Expand language support for Revert Risk Model
Closed, ResolvedPublic

Description

Technically this model is language agnostic, but it does require some statistical values for every wiki in order to calculate quality features:

  • avg article length
  • avg number of media
  • avg number of categories
  • avg number of headings
  • avg number of wikilinks
  • avg number of references

This task involves adding these values for new languages and updating the model binary to accurately reflect the total number of supported wikis.

  • Add quality feature values for 35 new languages to constants.py using this new file created by @diego (See the commit message for more details on how default values were generated for wikis)
  • Update the supported_wikis attribute on the serialized RevertRiskModel
  • Bump model version from 1.0 to 2.0
  • Test the new model binary
  • Pass it on to the ML team (sha512 checksum for the serialized model: P52800)

Event Timeline

MunizaA changed the task status from Open to In Progress.Sep 25 2023, 6:08 PM
MunizaA created this task.
MunizaA set Due Date to Sep 28 2023, 7:00 AM.Sep 25 2023, 6:12 PM
MunizaA moved this task from Backlog to In Progress on the Research board.
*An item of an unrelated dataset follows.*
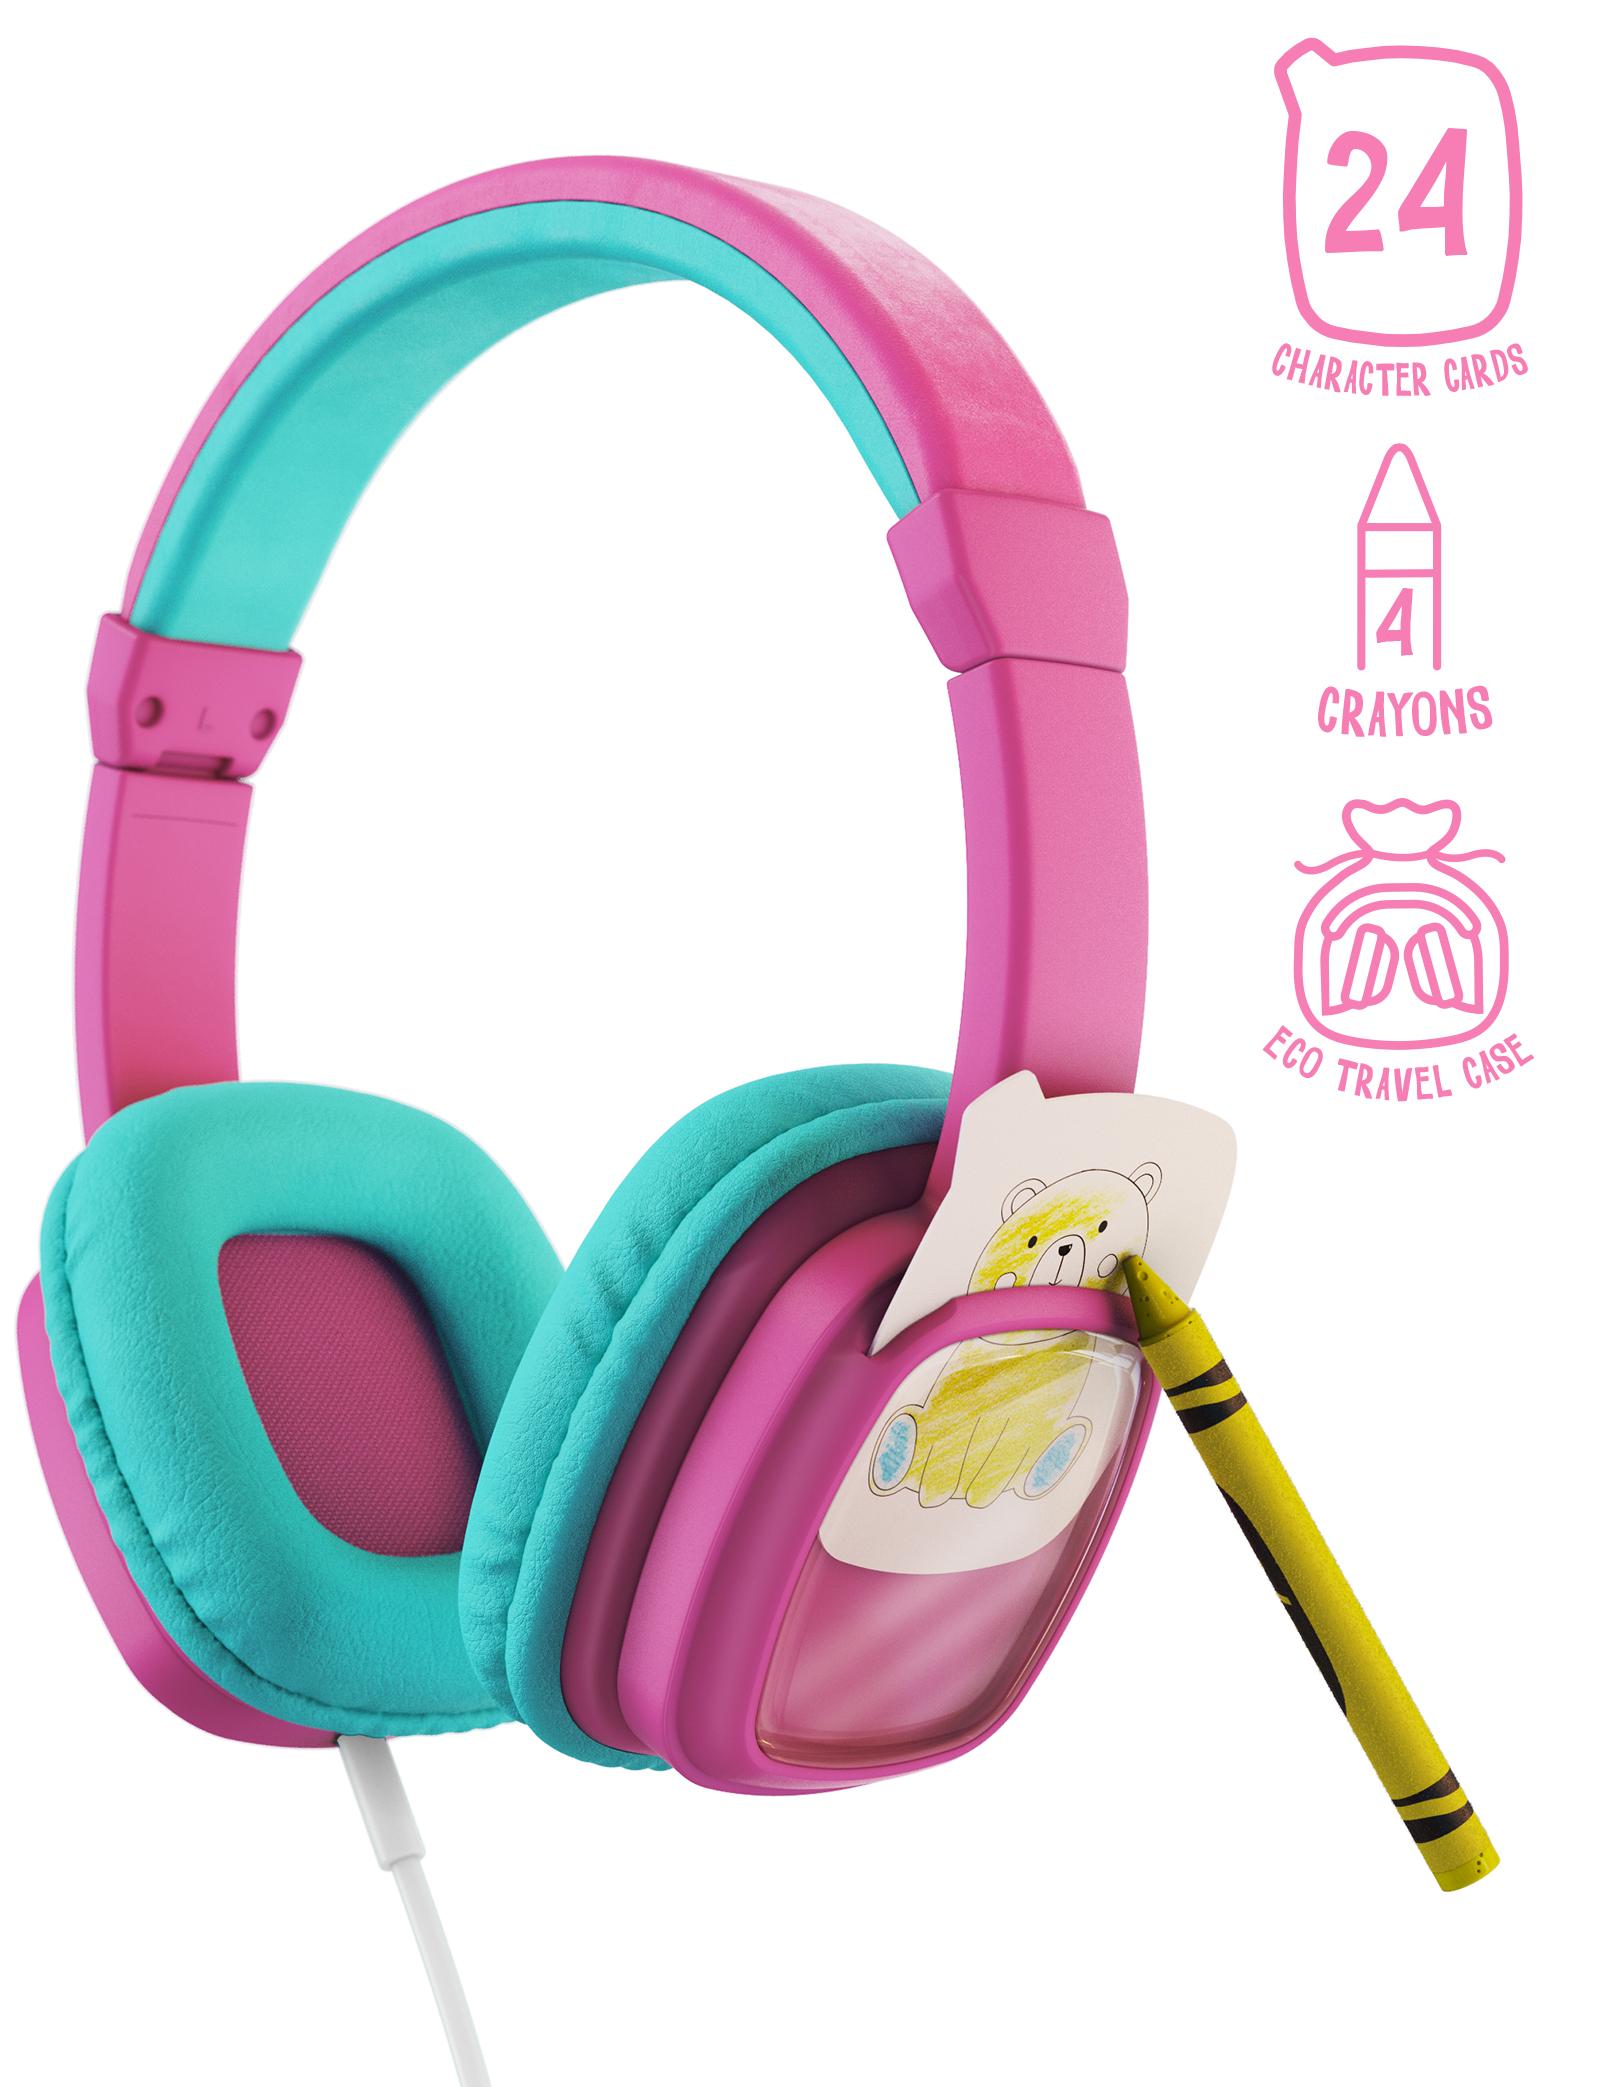 Planet Buddies Colour and Swap Kids Headphones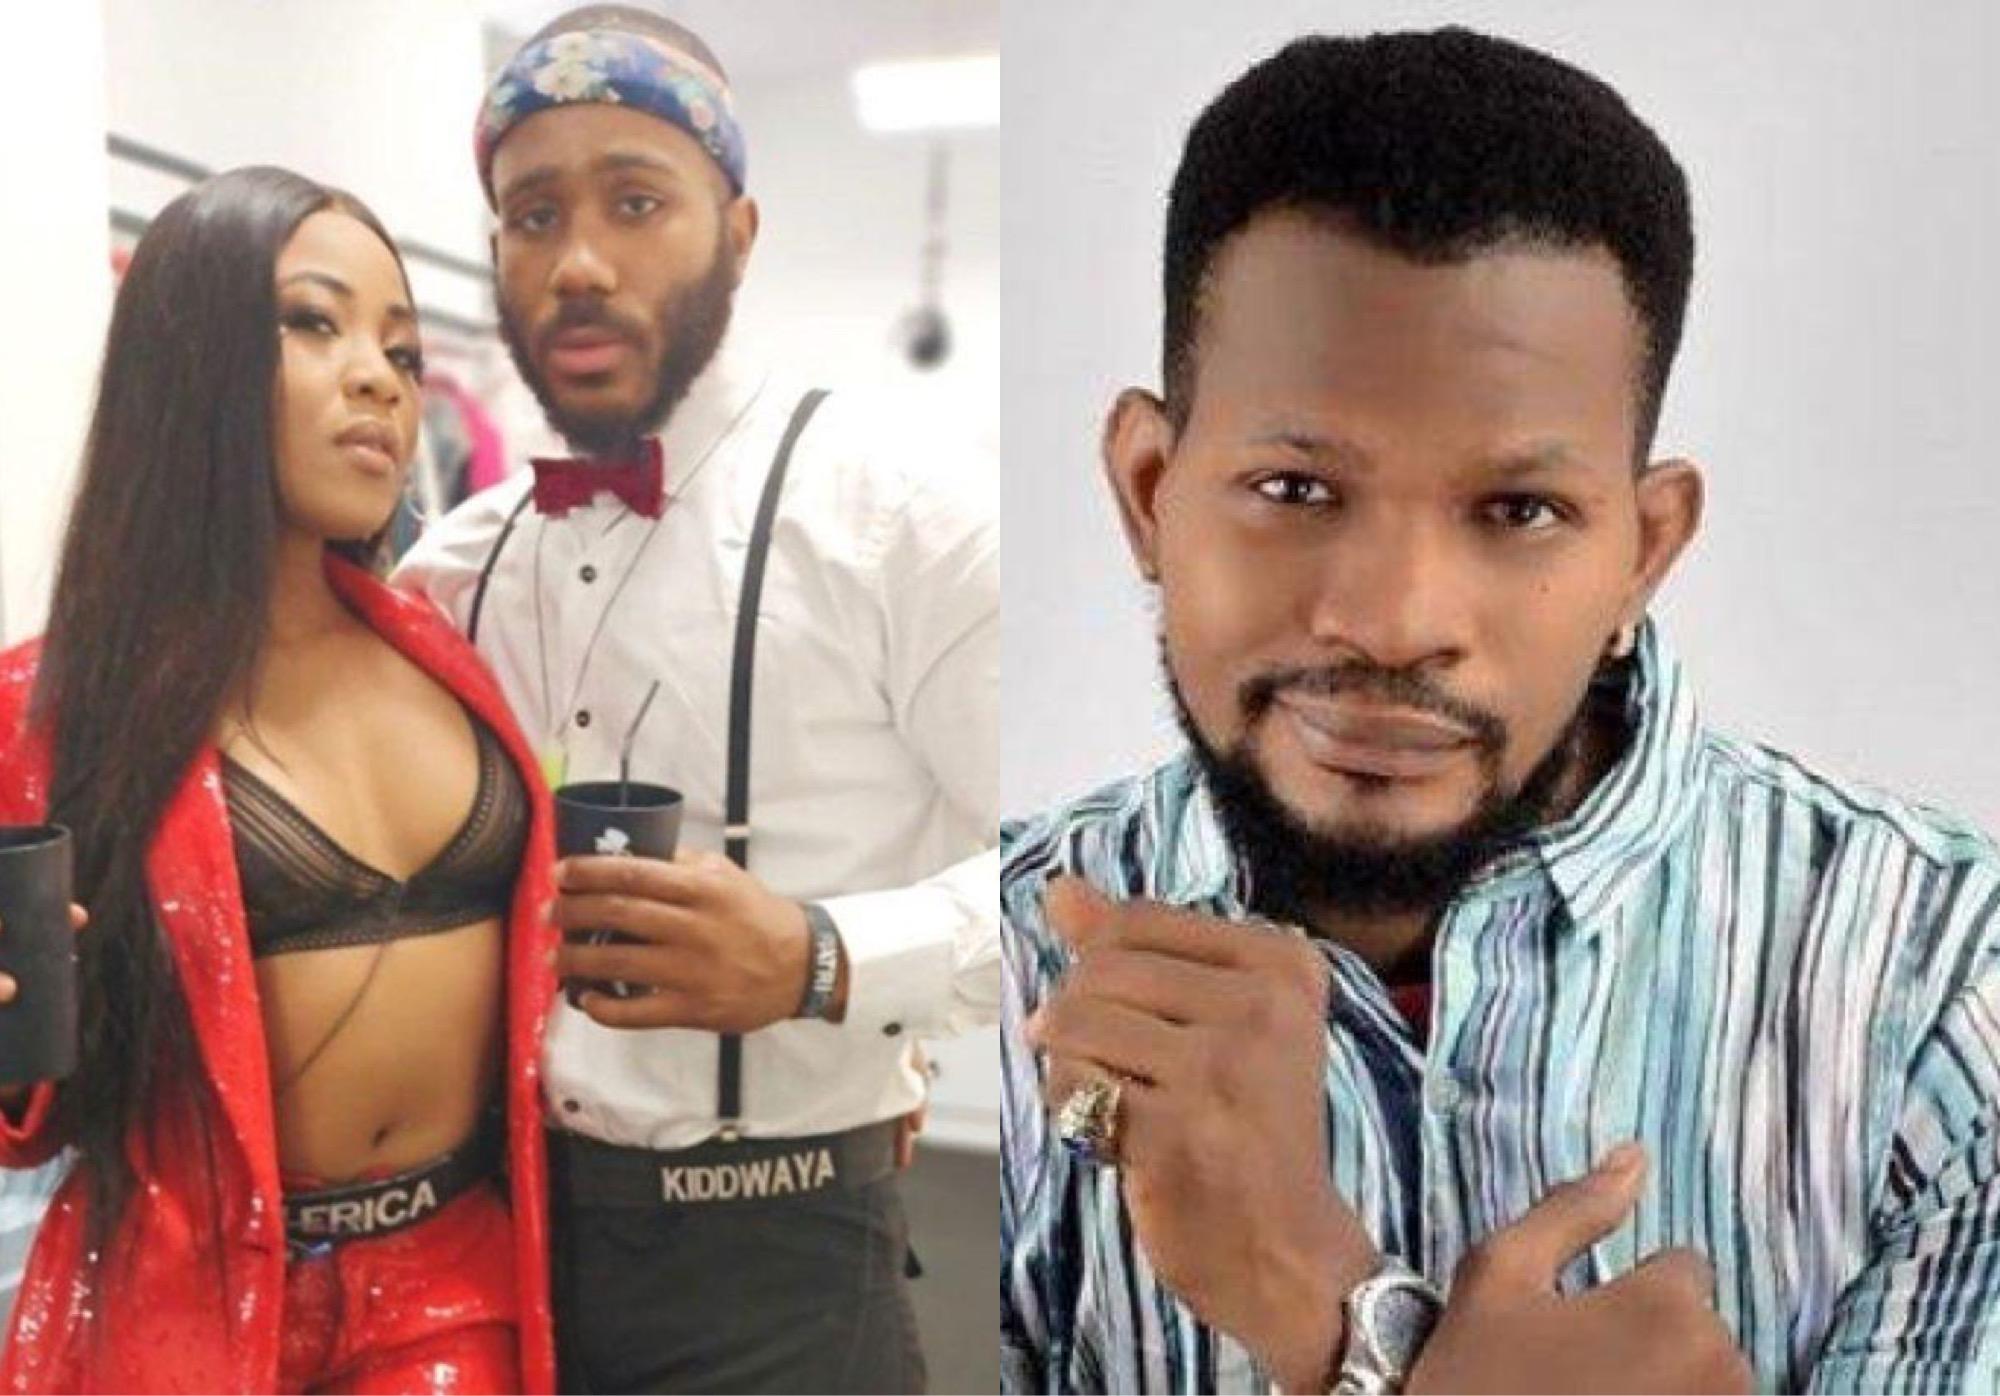 'Erica Made You Famous' - Uche Maduagwu Chides Kiddwaya Over Breakup Rumors

@diego, it's possible I'm missing something but while updating these constants I noticed that the values for be-x-old and be-tarask are different and according to the information here, the former redirects to the latter. be-tarask is one of the new wikis that we're adding these values for, so I wanted to check with you if this is okay. Thanks!

Let's the updated csv for now. Later Iets to coordinate with @fkaelin to periodically update these values, both RRLA and Article quality models.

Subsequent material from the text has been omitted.